As D protein is the most abundant gene transcript, it is the most protein in the viral procapsid. Similarly, gene transcripts for F, J, and G are more abundant than for H as the stoichiometry for these structural proteins is 5:5:5:1. The primosomes are protein complexes which attach/bind the enzyme helicase on the template. Primosomes gives RNA primers for DNA synthesis to strands.
Uses
Evolution
It has been used as a model organism in many evolution experiments.Biotechnology
ΦX174 is regularly used as a positive control in DNA sequencing due to its relatively small genome size in comparison to other organisms, its relatively balanced nucleotide content — about 23% G, 22% C, 24% A, and 31% T, i.e., 45% G+C and 55% A+T, see the accession NC_001422.1 for its 5,386 nucleotide long sequence.
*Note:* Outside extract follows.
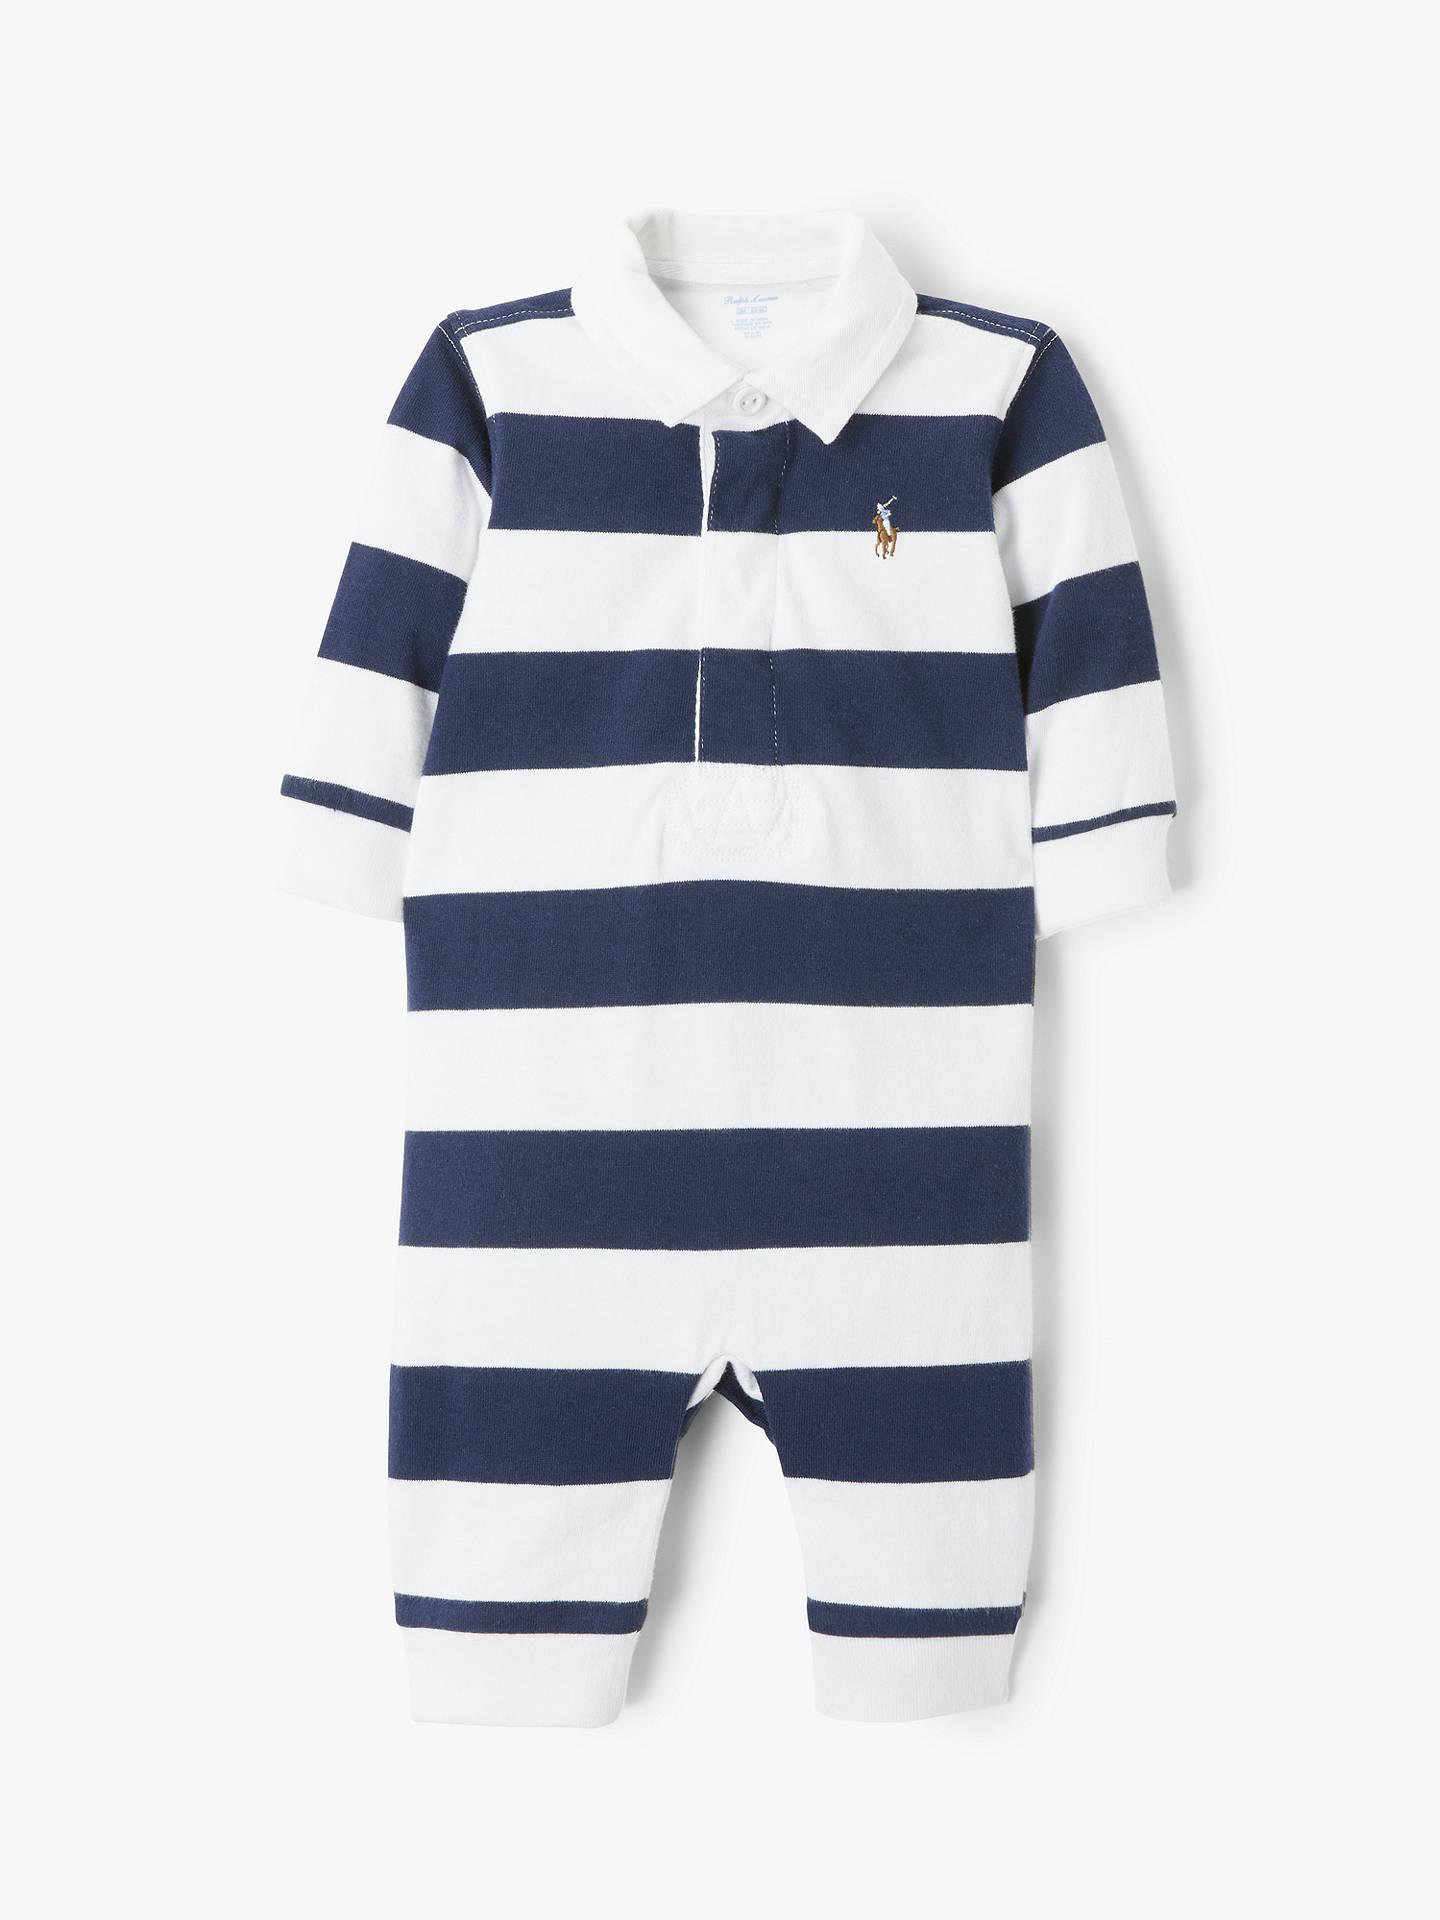 e033f477fd Polo Ralph Lauren Baby Rugby Bodysuit, Navy/White

Illumina's sequencing instruments use ΦX174 as a positive control, and a single Illumina sequencing run can cover the ΦX174 genome several million times over, making this very likely the most heavily sequenced genome in history.ΦX174 is also used to test the resistance of personal protective equipment to bloodborne viruses.
ΦX174 has also been modified to enable peptide display from the viral capsid G protein.